Residents confined in Gansu town after man dies of bubonic plague

Source:Global Times-Agencies Published: 2014-7-23 0:53:01

Tens of thousands people in the old downtown district in Yumen, Northwest China's Gansu Province, are currently not allowed to leave town after a man died last week of bubonic plague. 

According to, a news video website affiliated with Xinhua, the lives of the 30,000 people are not affected, but police have set up roadblocks at the nearest highway exit, allowing people to enter but not to leave the affected area.

In a separate feature story published on on Monday, several districts in Yumen were put under quarantine, including Laocheng district, or Yumen's old downtown district.

Once a populous area due to the oil industry, the district now has a population of about 30,000, the report said.

Xinhua quoted the local government as saying that Yumen has seen at least five cases of plague over the past years and the current case is an isolated incident.

The 38-year-old victim was said to have approached a dead marmot, a small furry animal which lives on grasslands and is related to the squirrel.

The victim allegedly chopped it up to feed his dog but developed a fever the same day.
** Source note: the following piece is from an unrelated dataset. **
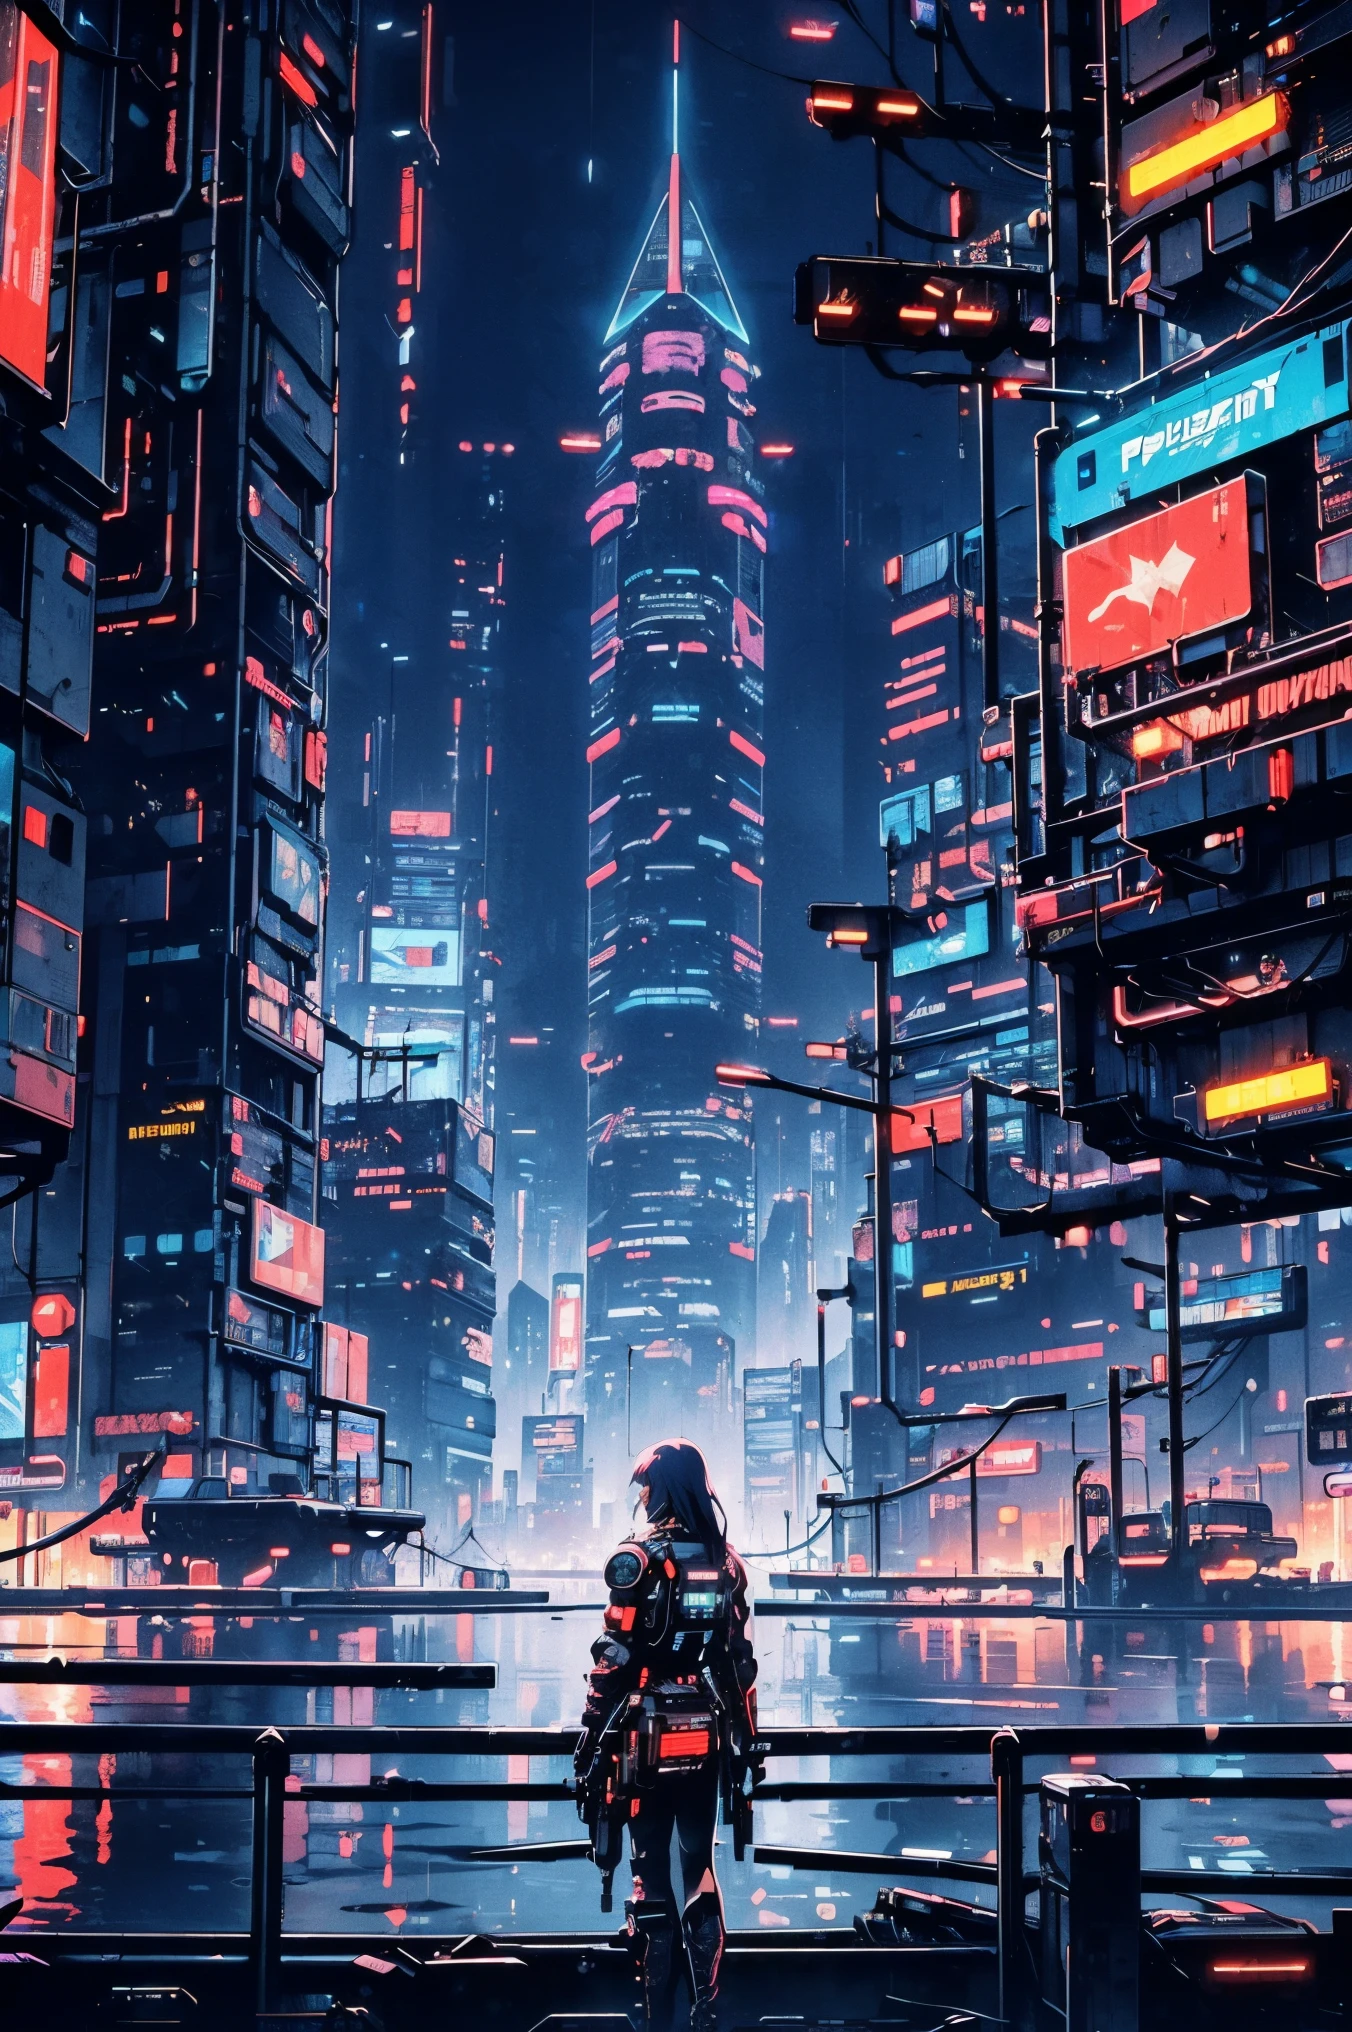 ((Cyberpunk future)), image of the center of a cyberpunk city, surrounded by buildings with a river in the middle, ferry in the city, yellow ferry, point crossing the city, advertising signs everywhere, retro future

He was taken to hospital after his condition worsened and died last Wednesday.

 "The city has enough rice, flour and oil to supply all residents for up to one month," China Central Television said.

Shanghai-based Oriental Morning Post reported earlier that quarantined districts, such as Laocheng and Chijin, have launched a nine-day traffic control system since Saturday.

Bubonic plague is categorized as a "Class A infectious disease … [which is] the most serious under China's Law on the Prevention and Treatment of Infectious Diseases," said Xinhua.

Bubonic plague is a bacterial infection, also infamously known as the "Black Death," a virulent epidemic of the disease that killed tens of millions of people in 14th century Europe.

Primarily an animal illness, it is now extremely rare in humans.

Modern antibiotics are effective in treating bubonic plague, but without prompt treatment it can cause serious illness or death.